When attempting to develop an accelerated version of a large parallel CFD code, several challenges present themselves. To start with, these codes have already been highly optimized for coarse-grain parallelism usually involving multi-level cached based architectures. One must look beyond coarse-grain parallelism (e.g., dividing a grid into blocks and distributing them over multiple CPU cores) and seek fine-grained data parallel tasks that can be ported to the GPU. If these opportunities exist for a large scale code, it has the potential to benefit from an added level of parallelism. Parallel codes also employ MPI communications, which when used in an accelerator environment will implicitly invoke expensive GPU-CPU data transfers. Scalability is also a big issue for all production level CFD codes. With the rising number of CPU cores per processor coupled with the rising cost and power consumption of an individual GPU, the probability that future large scale hybrid architectures will be able to maintain a 1:1 or better ratio of GPUs to CPU cores is not likely. The new availability of concurrent kernel execution allows multiple cores to share a single GPU. This feature should allow hybrid codes to scale on systems with a GPU to CPU ratio below 1. This feature does come at a price though, as increasing the number of CPU threads which simultaneously share a single GPU puts added demand on the available memory and could put additional strains on other resources for large kernels. In addition to these challenges, FUN3D’s unstructured-grid solver is hindered by the unavoidable constraint of out-of-order memory access patterns, which can cause very poor performance on a GPU. In the remainder of this paper we will give a description of the FUN3D solver along with the steps taken to port it for GPU computation, followed by a results and discussion.

2 FUN3D Code

References [16] and [4] describe the software used in the current work. FUN3D consists of several hundred Fortran95 modules containing ap-
approximately 850,000 lines of source code. The software can be used to perform steady or time-dependent aerodynamic simulations across the speed range. Additionally, an extensive list of options and solution algorithms is available for spatial and temporal discretizations on general static or dynamic mixed-element unstructured meshes which may or may not contain overset grid topologies. Options for performing mathematically-rigorous mesh adaptation [17] and formal design optimization [18] using a discrete adjoint formulation are also included. The package has been distributed to hundreds of organizations and is routinely used by groups in academia, industry, and various government agencies.

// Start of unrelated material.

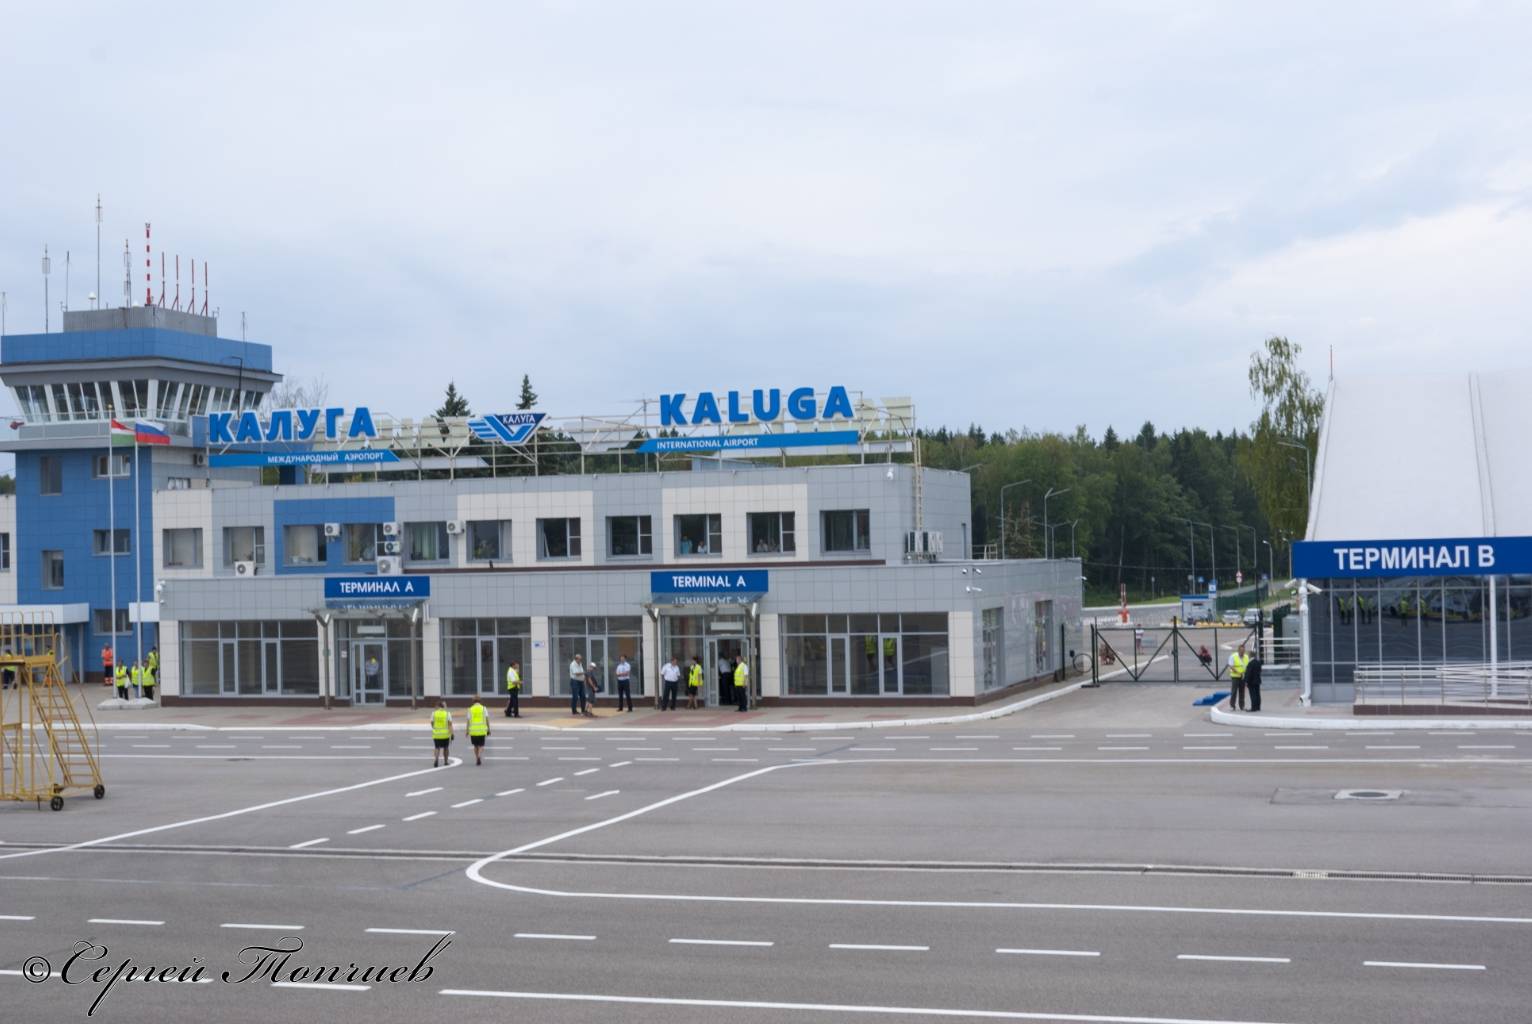 Аэропорт калуга вылеты. Международный аэропорт Калуга. Аэропорт Грабцево Калуга. Аэропорт Калуга терминал в.

2.1 Mathematical Formulation

The current work focuses on the solution of the compressible Reynolds-averaged Navier-Stokes equations. For the current study, the spatial discretization uses a finite-volume approach in which the dependent variables are stored at the vertices of tetrahedral meshes. Inviscid fluxes at control volume interfaces are computed using the upwind scheme of Roe [19], and viscous fluxes are formed using an approach equivalent to a finite-element Galerkin procedure [16]. For turbulent flows, the eddy viscosity is modeled using the one-equation approach of Spalart and Allmaras [20]. An approximate solution of the linear system of equations formed within each time step is obtained through several iterations of a multicolor point-iterative scheme. The turbulence model is integrated all the way to the wall without the use of wall functions and is solved separately from the mean flow equations at each time step with a time integration and linear system solution scheme identical to that employed for the mean flow equations. In the current implementation, the grid nodes are numbered using a reverse Cuthill-McKee technique [21] to improve cache performance during flux and jacobian gather/scatter operations. However, the multicolor point-iterative scheme forbids physically adjacent unknowns from residing within the same color group. Therefore, the relaxation scheme is inherently cache unfriendly in its basic form. Since the majority of the floating point operations required to advance the solution take place in the relaxation phase, a mapping is introduced which orders the data in the coefficient matrix by its assigned color as the individual contributions to the jacobian elements are determined. In this manner, memory is accessed in ideal sequential order during the relaxation as would be achieved in a more simplistic scheme such as point-Jacobi, while the substantial algorithmic benefits (improved stability and convergence) of the multicolor scheme are retained.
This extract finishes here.